Realistic Drawing
SKIMA
Maxime Thevenet, alias Skima, was born in 1994 in French Burgundy.
At the Academy of Applied Arts, his artistic education opened him up to disciplines combining arts and crafts, design and scenography. Beyond the learning of various techniques, he forges his personal culture and creative process.
From his passion for woodworking, Skima has kept the memory of the grain and its subtlety. He also kept his favorite tool: the black stone, the carpenters' pencil that was used to trace cuts.
Formerly made from ampelite, black chalk/stone was used by Renaissance artists to give a deep and matte line to their sketches.
Today black stone is composed of carbon and clay. It highlights the contours of a face and underlines silky lines. Skima knows how to vary the nuances to obtain the misty blur of a disheveled fur.
Technique
The mastery of Black
In the work of Skima, despite being very dense and omnipresent, black is not a monochrome.
Like Pierre Soulage's L’outrenoir, it enhances textures, movement. It confronts the artist with the art of taming light. The white pencil brings clarity to the elaboration of the details and traces the paths taken by the light.
Each work is a slow elaboration where his photographic eye stages a game of 'chiaroscuro', and invents perspectives in the service of a dramaturgy.
He is reminiscent of Lee Jeffries in his way of framing the subject, of capturing emotion in close-up, of seeking the soul behind the realism of the portrait.
Alex Doppia
Director at Galerie Montmartre
Artistic vision
A simulated reality
He is reminiscent of Lee Jeffries in his way of framing the subject, of capturing emotion in close-up, of seeking the soul behind the realism of the portrait.
But Skima works freehand and without filter. He manages to reflect the gravity in the hypnotic eyes of a beast, to capture the wild and fragile beauty, the dramatic intensity in the gaze of a great ape.

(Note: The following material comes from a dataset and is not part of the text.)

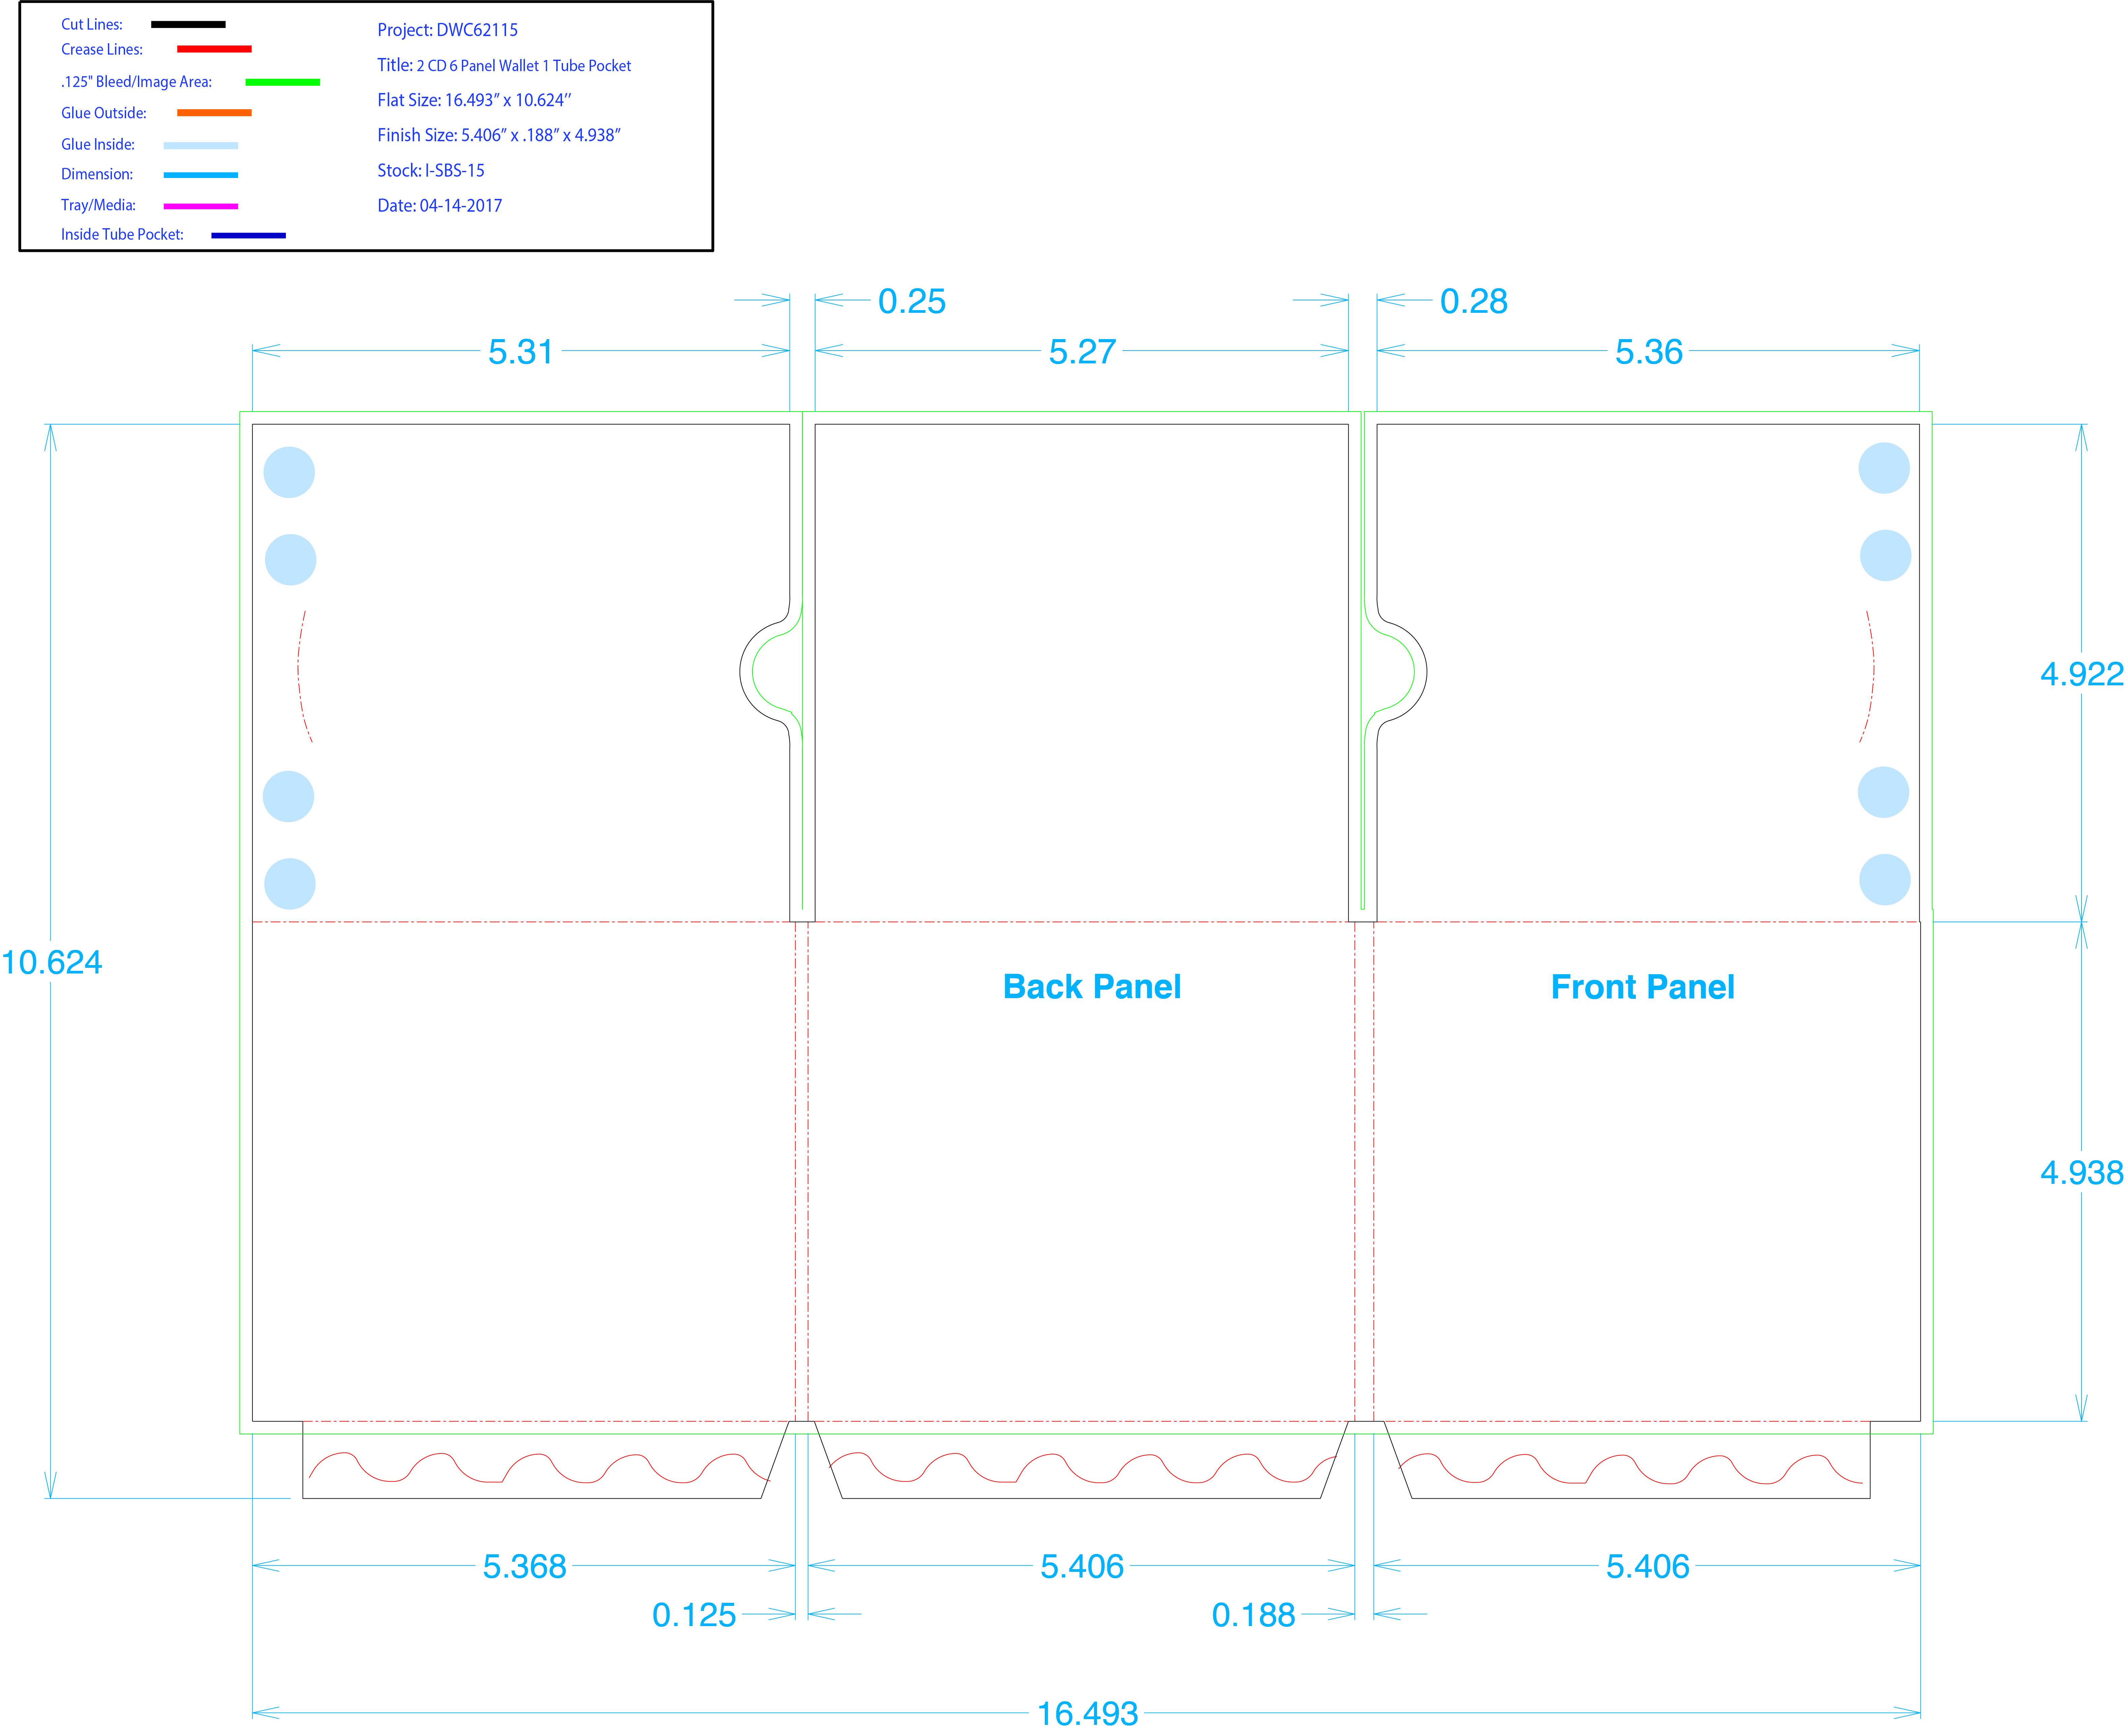 DWC62114 - 2 CD Pkts w/Thumb Notch, 1 Tube Pocket

We have often spoken of hyperrealism to designate the work of Skima. It carries some truth, as his creations reveal a perfect technical mastery and faithfully reproduce the smallest details and attitudes of the model.
However, Skima's approach is not a simple imitation, however flawless. His quest is that of a simulated reality, an illusion of reality leaving room for dream and mystery.
Animal subjects
To represent consciousness
The original drawings exhibited at Galerie Montmartre is a testimony of delicacy, modesty and respect.
Skima paints each animal as a subject, not only in its relationship of submission to man, but with its own language and consciousness.
Looking at these portraits of felines and monkeys makes you want to exclaim Ecce Animot! with the philosopher Jacques Derrida in his plea for animal ethics:
"In the general singular Animal, we must substitute the Animot, [ …] in order to better understand "this irreducible living multiplicity".
Exclusive permanent residence
Galerie Montmartre
Bright lines of color come to sweep an eye and this burst of color brings a rhythm, a vibration to the composition. The color enhancement introduces a fantastic element. Faced with the enigmatic gaze of this majestic gorilla, imagining ourselves being seen by him, we will meditate on these words:
"Often I wonder, me, to see, who I am - and who I am at the moment when, surprised naked, in silence, by the gaze of an animal, I have trouble, yes, trouble to overcome discomfort. »
Jacques Derrida, The animal that therefore I am, Paris, 2006
We have chosen to accompany this brilliant artist for his virtuosity, but above all for the requirement of his story, his art, by a detail, to go beyond reality in favor of a metaphorical imagination.
And quite simply for the sensitivity and spirituality that emanates from his portraits.